Many of you will remember Jim Tressel. As the head football coach at Ohio State University from 2001-2011 he played in three BCS National Championship games and won the BCS National Championship in 2002. He resigned as the Buckeye’s coach in 2011 after an NCAA investigation revealed rules violations that I don’t have the time or inclination to go into in this post.
What is Tressel doing today? He is the Vice President for Strategic Engagement at the University of Akron, his alma mater. Tressel is involved in student recruitment and alumni relations.
Allie Grasgreen tells us more in her piece at Inside Higher Ed. Here is a taste:
…working in administration has also provided Tressel with some clarity when it comes to his old line of work. Back then, Tressel says, he had a “tertiary relationship” with nearly everyone on campus, but didn’t fully grasp the difficulty of working in higher education as a whole – “the number of moving parts” – or the depth of what everyone was up against.

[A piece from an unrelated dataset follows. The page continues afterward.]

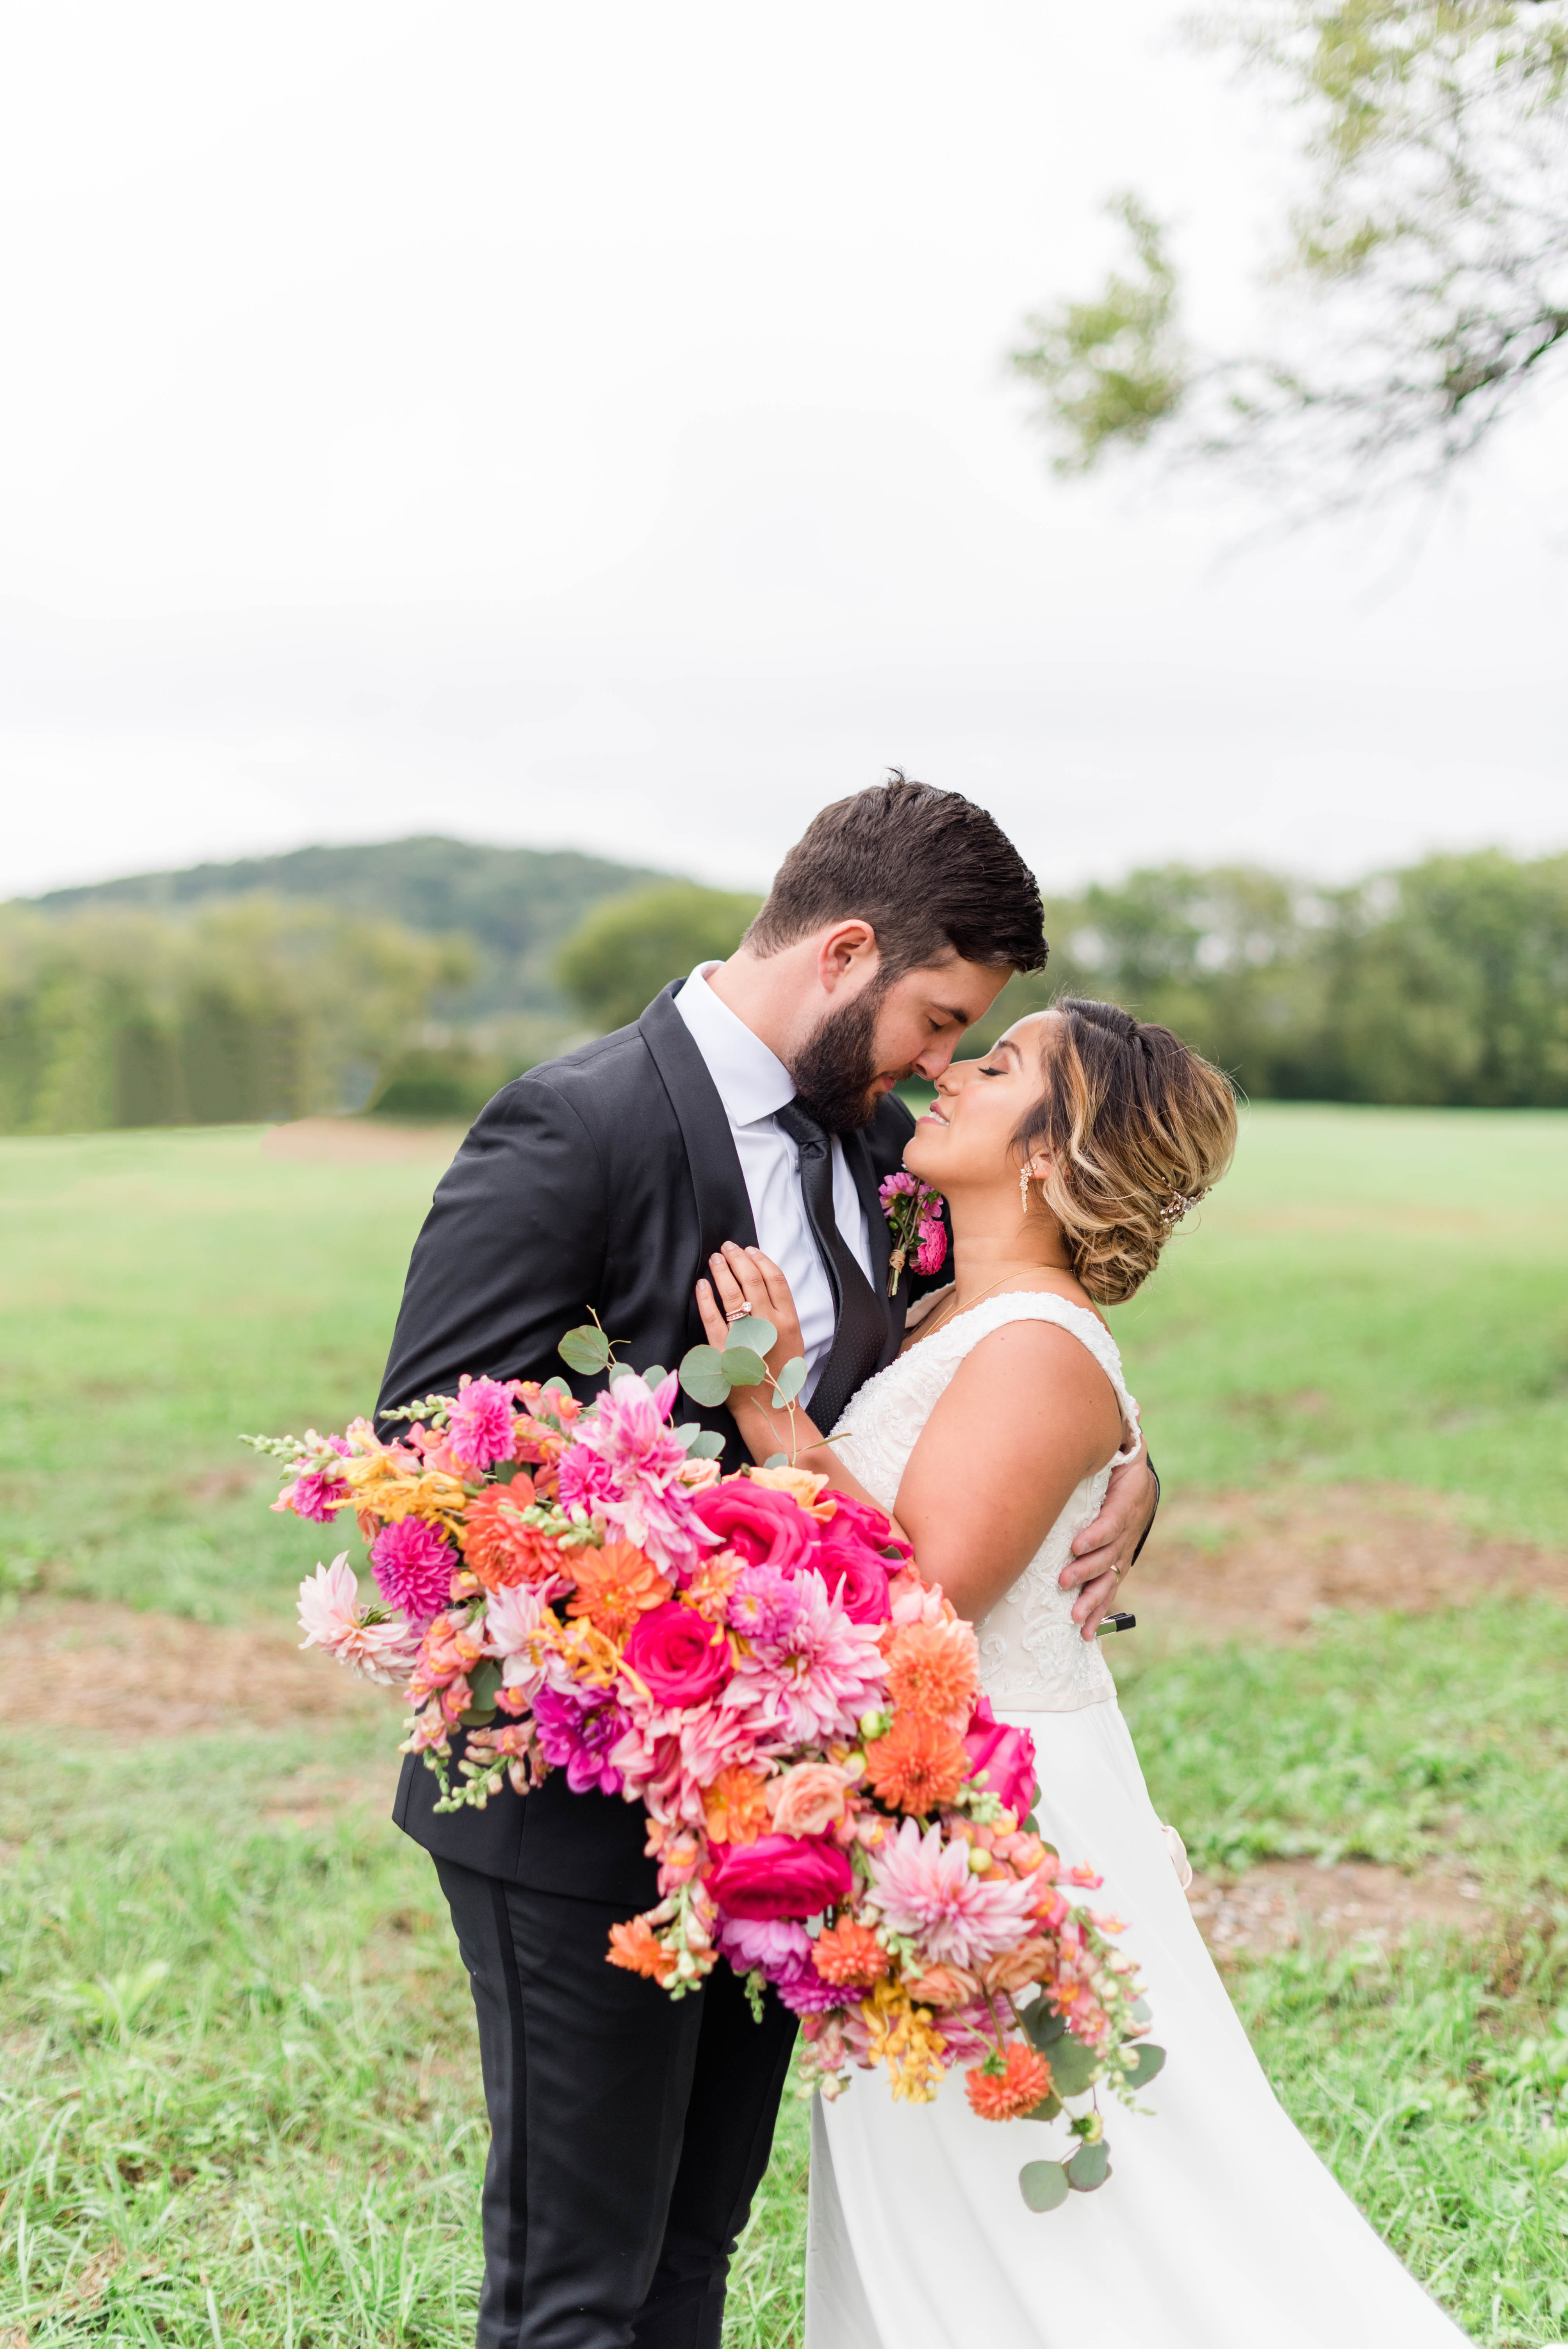 Colorful Fall Styled Shoot At The Green Door Gourmet

In other words, an athletics department is one unit with a singular objective and — especially at a mega-program such as Ohio State’s — operates largely independently of the institution.
On the academic side, there are sparring colleges, thousands of faculty members, and hundreds of administrative divisions — all of which have different goals, but must work together under the larger university umbrella. When you’re trying to solve a problem — be it signing a new television contract or getting students to graduation when budgets are low but tuition’s at an all-time high — it’s generally easier with fewer people in the room (and with money to spend).
Not only is Tressel realizing the difficulty of working with so many diverse voices, he’s having to consider questions and problems that people in athletics don’t have to think about. How do you define student success when graduates are expected to be so versatile, how do you make success happen when money is scarce on both sides, and how do you generate successful outcomes in today’s job market?
“I think we were a little spoiled in athletics – that it wasn’t hard to come to a common cause and build a team and create that oneness, and it’s a little harder with a larger group,” Tressel said. “You can see a lot more clearly, now that I’ve been here a year, as to what the challenges are in higher ed…. We felt like we were a part of it in athletics, but a smaller part, and now when you’re dealing with the broad range of things that fall in your division, it’s quite a challenge.”